Careful calculation of time is a must when travelling, especially when visiting famous landmarks and places. I say that because when we visited Prague’s Wenceslas square, it was a lovely morning but the sun was on that part casting shadows, thus, our silhouette photos.
The square is part of the city centre recognized by UNESCO as a World Heritage site. The plaza has a very rich history having witnessed a number of demonstrations and gatherings. For one, it was in front of the Wenceslas monument where Alois Jirasek, Czech writer and Nobel Prize in Literature nominee, proclaimed the independence of Czechoslovakia in 1918.
Wenceslas square is lined up with many different establishments – we unfortunately didn’t go down further to take photos but the entire strip is composed of hotels, food establishments, offices and shops. What is most notable is the National Museum, designed by Czech architect Josef Schulz.
Here are some things you can do at Wenceslas Square:
- Explore the Square: Take a leisurely stroll along Wenceslas Square and soak up the vibrant atmosphere. The square is lined with shops, cafes, restaurants, and historical buildings, making it a great place for people-watching and enjoying the lively street scene.
- Visit the National Museum: Located at the top end of Wenceslas Square, the National Museum is a prominent cultural institution in Prague. The museum houses a vast collection of art, artifacts, and exhibits that showcase Czech history, culture, and natural sciences.
- Admire the Statue of Saint Wenceslas: At the top of Wenceslas Square, you’ll find a grand statue of Saint Wenceslas mounted on a horse, the patron saint of Bohemia. . This statue is an important symbol of Czech history and is often a meeting point for locals and tourists.
The monument was sculpted by Josef Václav Myslbek in 1887–1924. There are a number statues surrounding Saint Wenceslas representing other saints (St. Adalbert, St. Ludmila, St. Prokop and St. Agnes of Bohemia). Pardon, I don’t have a photo of his supposed face in a good angle. :/
- Shopping: Wenceslas Square is home to numerous shops and boutiques where you can indulge in some retail therapy. You’ll find a variety of fashion stores, souvenir shops, bookstores, and more. It’s a great place to pick up Czech souvenirs and traditional crafts.
- Enjoy Czech Cuisine: Wenceslas Square has plenty of restaurants, cafes, and bars where you can savor Czech cuisine. Sample local specialties such as goulash, svíčková (marinated beef with creamy sauce), trdelník (a traditional sweet pastry), or try a traditional Czech beer.

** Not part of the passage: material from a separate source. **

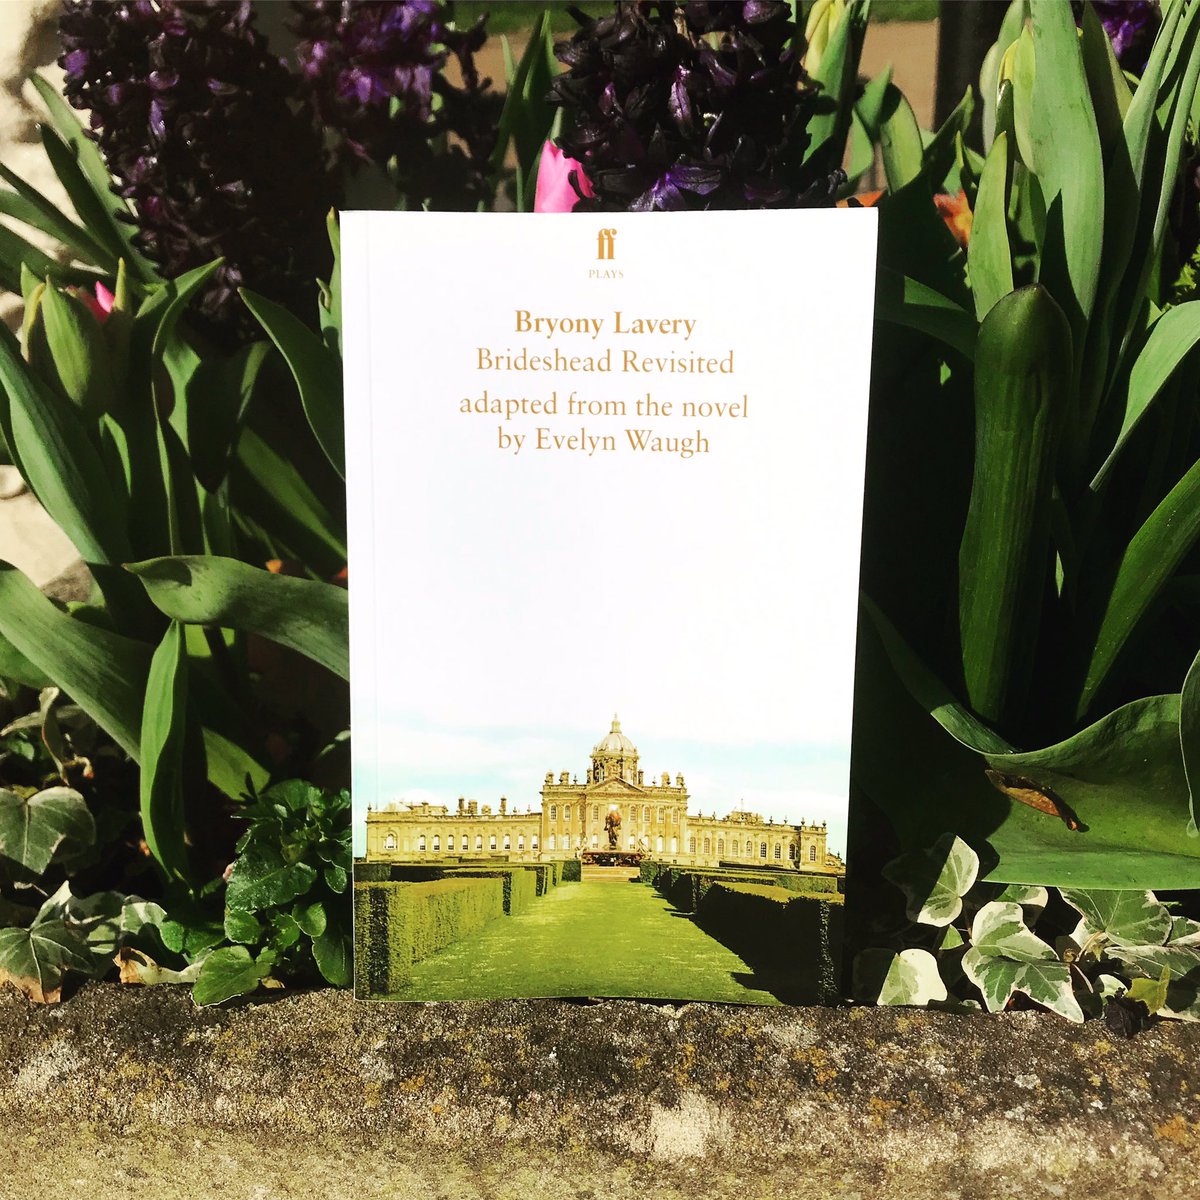 Play 800 - Brideshead Revisited by Evelyn Waugh, apt. by Bryony Lavery. A stage version of Waugh's stunning novel of duty & desire set amongst the decadent, faded glory of the English aristocracy in the run-up to WWII. #playreading #BridesheadRevisited #EvelynWaugh #BryonyLavery

- Experience the Nightlife: Wenceslas Square comes alive at night with its vibrant nightlife scene. You’ll find bars, clubs, and music venues where you can enjoy live music, DJ performances, and dance the night away.
- Attend Events and Festivals: Wenceslas Square often hosts various events, concerts, and festivals throughout the year. Keep an eye out for cultural performances, markets, and celebrations taking place on the square during your visit.
Looking at it, the neoclassical make of the building resembles Vienna’s own twin museums of Natural history and Art history. As mentioned above, timing is a good thing to consider…we came earlier than 8 in the morning, we weren’t able to peak inside the museum – still closed – and so we missed seeing the collection of artifacts on display.
Remember to take in the architectural beauty of the buildings surrounding the square, including the historic facades and Art Nouveau elements. Wenceslas Square is a central hub in Prague, offering a mix of history, culture, entertainment, and culinary delights, making it a must-visit destination for travelers exploring the city.